Le « contre » de « contrelittérature » doit s’entendre à plus hault sens, tel le contre-ut en musique, comme une élévation d’octave de la note ; ou encore, comme vous le dites, cher Trissotin, selon la langue héraldique. Comme vous ne sauriez l'ignorer, dans certaines conditions, le blason se trouve qualifié par un nom ou un adjectif précédé de la préposition « contre » . Ainsi « contre-hermine » ou « contre-vair » mais aussi « contre-fascé », « contre-palé », « contre-chevronné », etc. Cette construction du blason obéit ici encore à une élévation des composants internes, disposés de part et d’autre, comme les marches et contremarches autour du limon d’un escalier.

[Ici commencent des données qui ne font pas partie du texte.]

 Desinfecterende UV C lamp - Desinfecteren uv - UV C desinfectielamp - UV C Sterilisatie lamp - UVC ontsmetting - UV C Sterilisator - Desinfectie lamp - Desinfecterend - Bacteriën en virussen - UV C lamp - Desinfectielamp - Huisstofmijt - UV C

Nous ne pouvons faire l’économie de ce « concept opératoire », si nous voulons nous ouvrir à l’Œuvre : il nous faut penser la littérature, c’est-à-dire penser à partir de ce que la littérature a fait de nous, traverser la littérature pour retrouver l’âme du monde.

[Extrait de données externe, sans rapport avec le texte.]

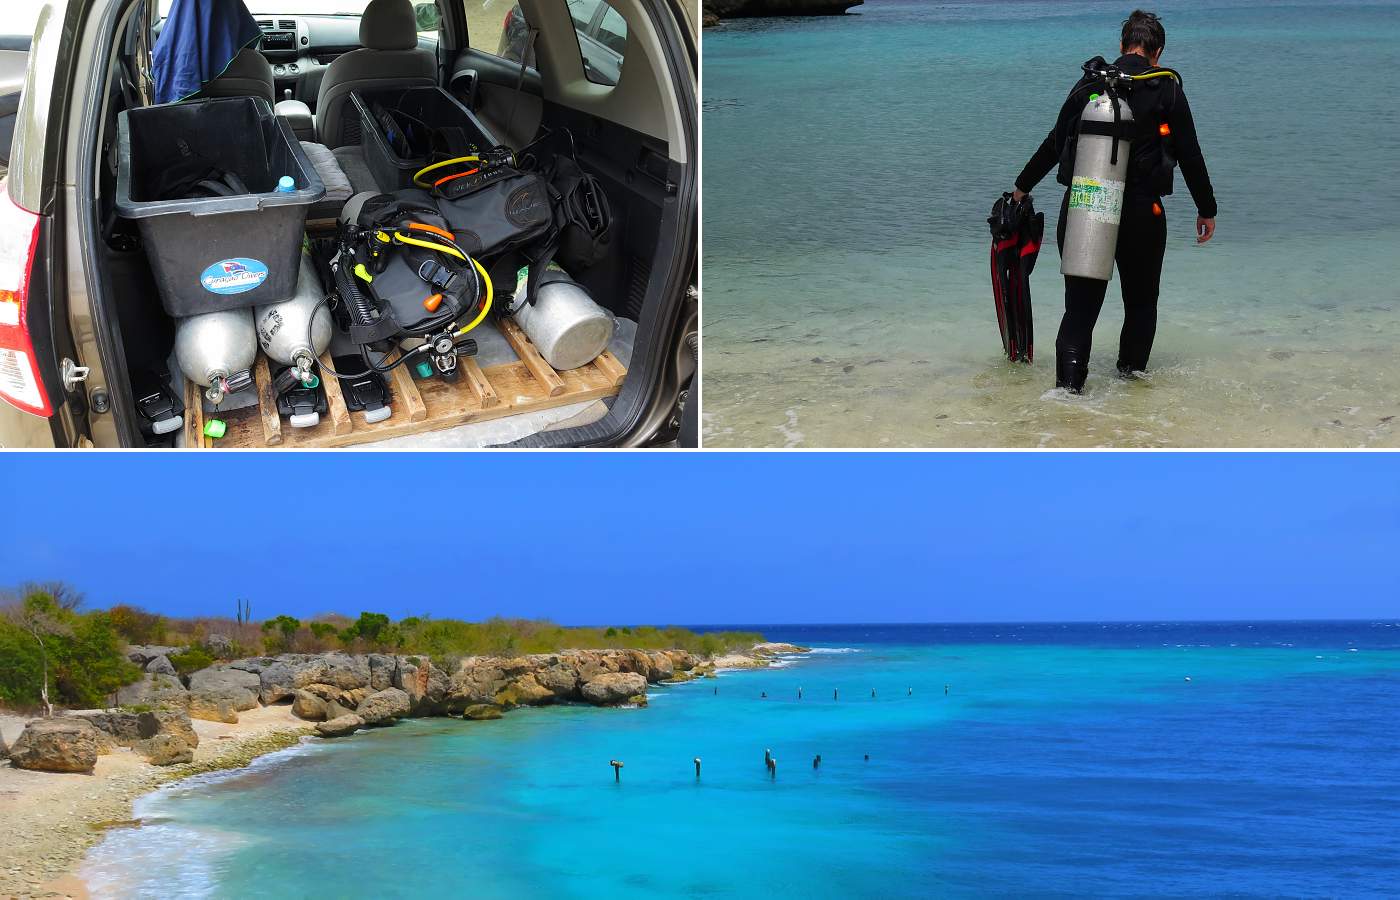 Fotografie z potápění, výstroj v automobilu a snímky z pláží

La secte, usurpatrice de mots, « universaliste » – et non pas « universelle » – génitrice de l’homme collectif, avorteuse de l’homme universel, de l’homme intérieur, a décapité l’intime, cette vocation à « rentrer en soi-même » – à l’ ensimismamiento, dirait Ortega y Gasset – car l’ « intériorité » est l’universalité.

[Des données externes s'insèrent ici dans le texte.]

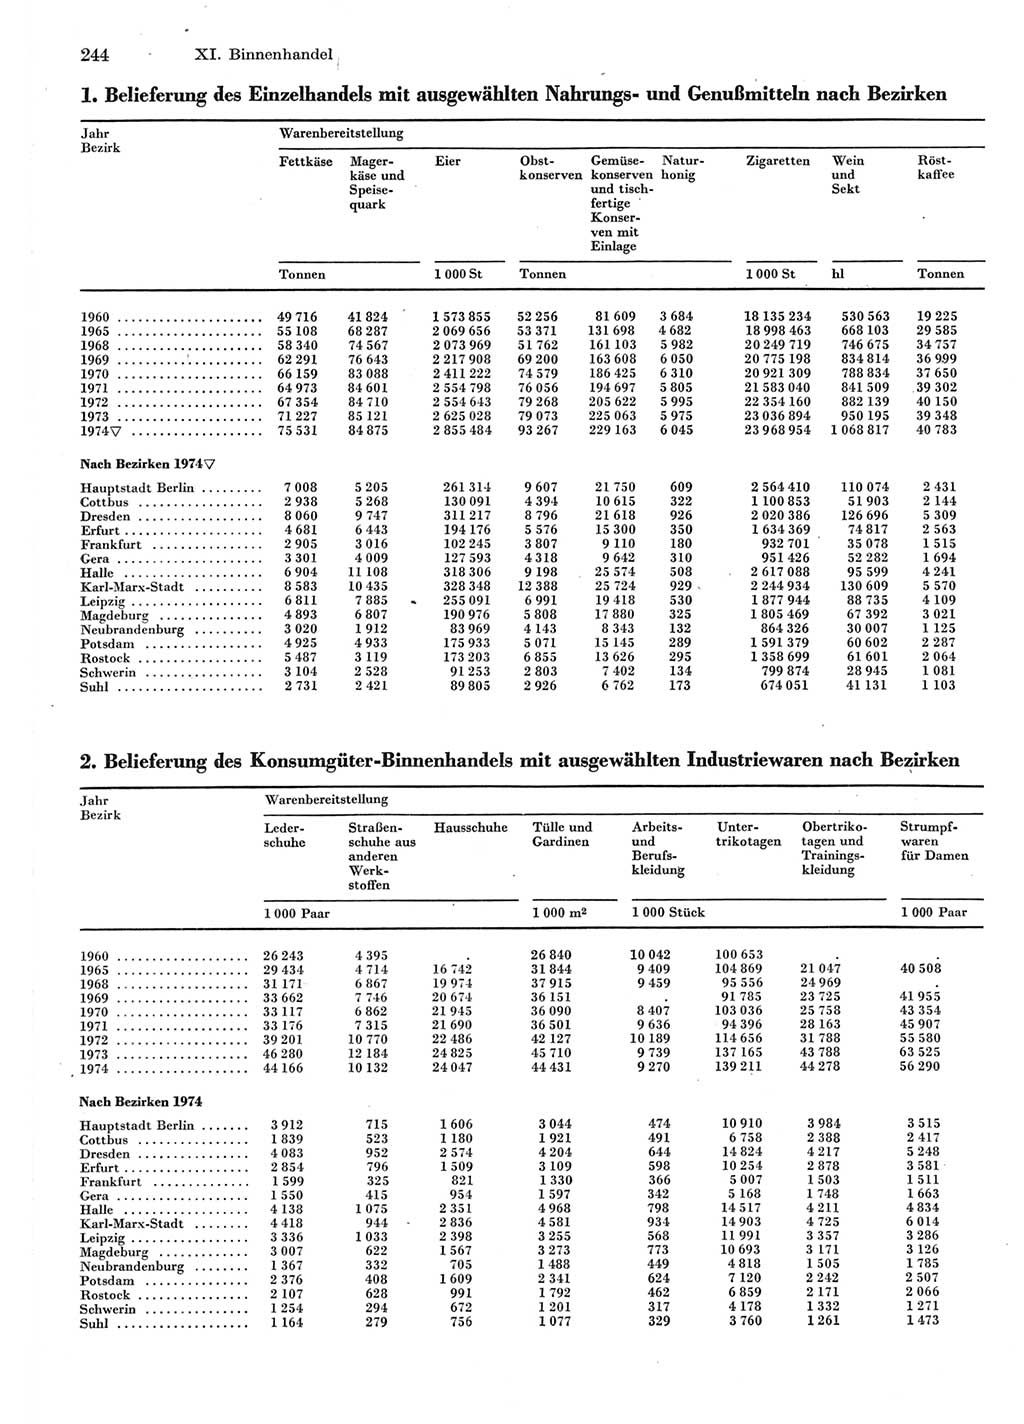 Statistisches Jahrbuch der Deutschen Demokratischen Republik (DDR) 1975, Seite 244 (Stat. Jb. DDR 1975, S. 244)

Qu’est devenue l’âme du monde ? Le monde a perdu son âme, où s’en est-elle allée ? Selon Platon le monde est un vivant qui possède une âme et un corps. Dans le Timée, il la présente comme antérieure au corps du monde et il dit que ce corps est intérieur à l’âme du monde. C’est cela et non l’inverse : le corps du monde est dans l’âme du monde ; et l’âme englobe non seulement le corps du monde mais s’étend bien delà de lui.
De même que l’âme est co-extensible au corps et même plus, il y a une co-extensibilité de la littérature à la contrelittérature ; et, en même temps, il y a ce « même plus » qui vous fait dire, mon cher Trissotin, que la contrelittérature implique la littérature mais que la réciproque n’est pas vraie. Je suis d’accord, mais il y a un lieu où la littérature en son orient et la contrelittérature en son occident se rejoignent, ce lieu qu’Henry Corbin appelle l’Imaginal.
Le clivage entre Hegel et Novalis est fondamental, Orgon a souvent insisté sur ce point. Avec Hegel l’âme du monde devient esprit du monde dans l’Histoire : Weltgeist. Il se produit alors un renversement « luciférien » où le monde s’auto-transcende sous l’effet de son propre devenir : l’esprit du monde s’identifie au monde s’auto-produisant dans l’histoire. La vie du monde sans âme, c’est l’Histoire, l’avènement du Moi absolu. Au contraire, pour Novalis, l’âme de l’homme lui donne une antériorité, donc une autorité, sur l’Histoire : ce n’est pas l’homme qui est dans l’Histoire mais l’Histoire qui est dans l’homme. Cette vision perdue de la Parole, il nous faut la reconquérir.